Autoencoders are Thought Machines

Intelligence might be thought of as the ability to compress information. Learning then is being able to find useful compressions of larger concepts that can be queried or accessed in an efficient way. What learning about something feels like is a sort of grinding process of trying to find a representation of the concept that works for the way our Brain is wired and for the reason which we are attempting to understand this concept. What I find rather interesting about learning and the thoughts that arise whilst trying to learn, is the place your mind goes in between the “first look” and the “aha!” moments. Autoencoders seem to be one way for computers to form these connections, boiling down the original data they are given into a useful compression.

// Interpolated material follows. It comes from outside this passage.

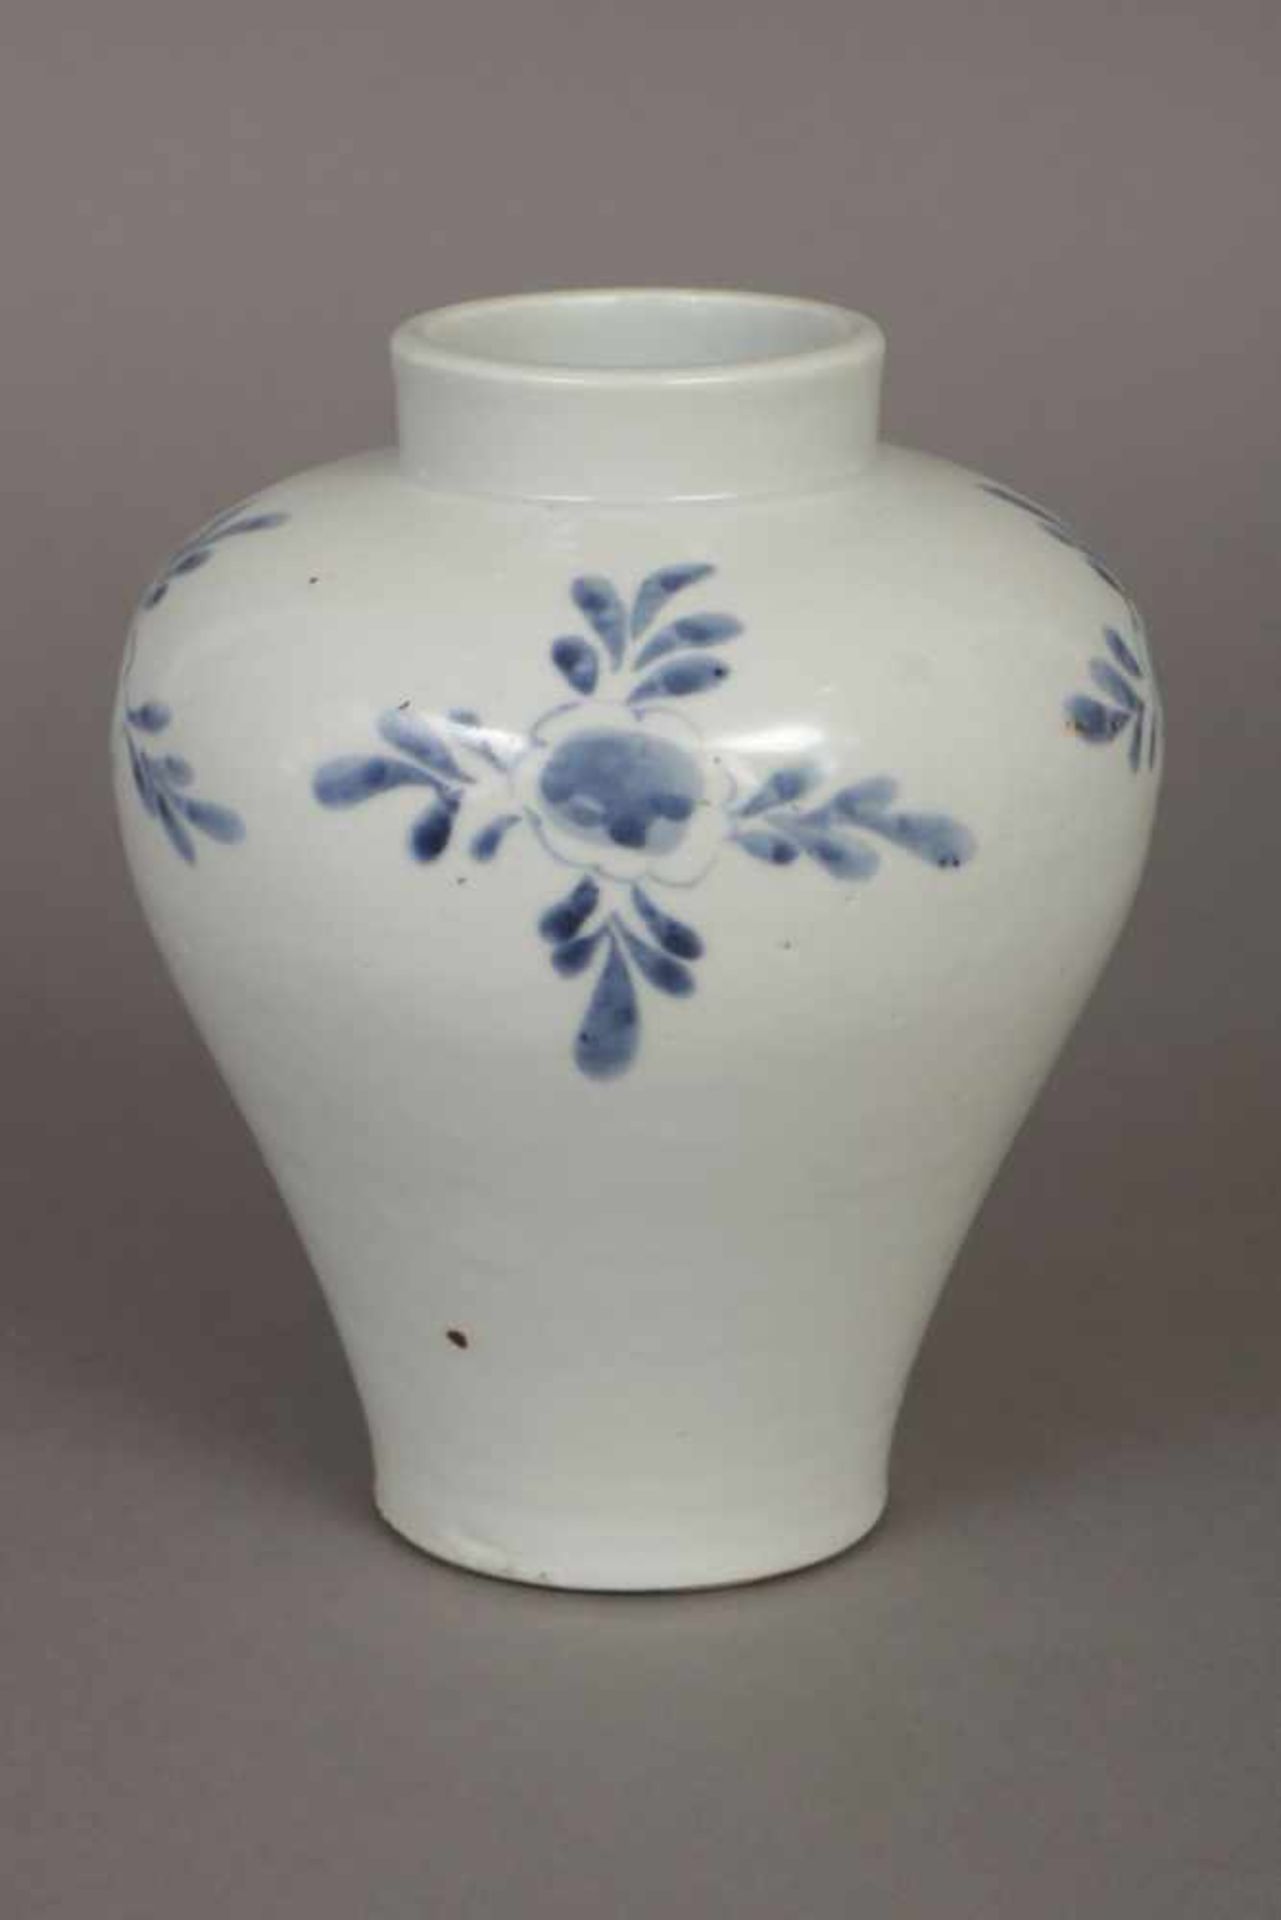 Asiatische Porzellanvase wohl Korea, hochbauchiger, urnenförmiger Korpus, Wandung mit sparsamer

The Godfather of Artificial Intelligence, Geoffrey Hinton is infamous for his colorful intuitions that describe phenomena in ways that just click. This has two effects;

  1. it makes learning fun (and therefore concepts are sticky)
  2. the understanding attained through a rich intuition leads to richer understanding.

One brilliant example of this style is presented in this lecture- https://youtu.be/zl99IZvW7rE with the particularly pertinent bit running from about 16:20 to 16:50. (this way of spitting facts was moving enough for me to write this post, so strong intuitions either from first principles or by analogy are brilliant)

​ ​

The jist of the intuition:

  • Encoders compress real world observations into a thought
  • Decoders expand thoughts into real world data (i.e. if you see cat in an image the decompression of the representation of cat could be writing the word “cat” or saying “that is a cat”)
  • Thoughts = Latent Representations
  • Autoencoders, whilst dealing with multi-modal datasets (e.g. captioning images) are effectively generating thoughts about what they see and translating that into a different real-world expression of the same concept (see this image from this repo)

The romance behind the intuition:

The “Latent Representation” that an Encoder creates works out to function similarly to the way we have thoughts — thoughts are not fully described if one tries to express their meaning in real-world data like speaking or writing. (i.e. thoughts are encapsulations of concepts at a lower level than real-world data like language or images which are much more rich, not as compressed) A romantic quote attributed to the Universe’s friend Albert Einstein goes something like “To sense that behind anything that can be experienced there is a something that our minds cannot grasp, whose beauty and sublimity reaches us only indirectly… This is Religiousness.” From this one might glean a take on what ideas are — the useful bits of the input data that our Brain receives (famously the “thought handling” or conscious part of our Brain is only able to handle about 40-50 bits of information per second, a little bit smaller than the estimated 11 million bits the whole brain can handle per second). Therefore we might come to think that Autoencoders, and by extension neural nets, are quite literally a simulation of Human thinking (as they were intended to be) and that to better understand the phenomena they pose we need to develop richer understandings of what is going on internally to us (and the nets) with more awesome intuitions.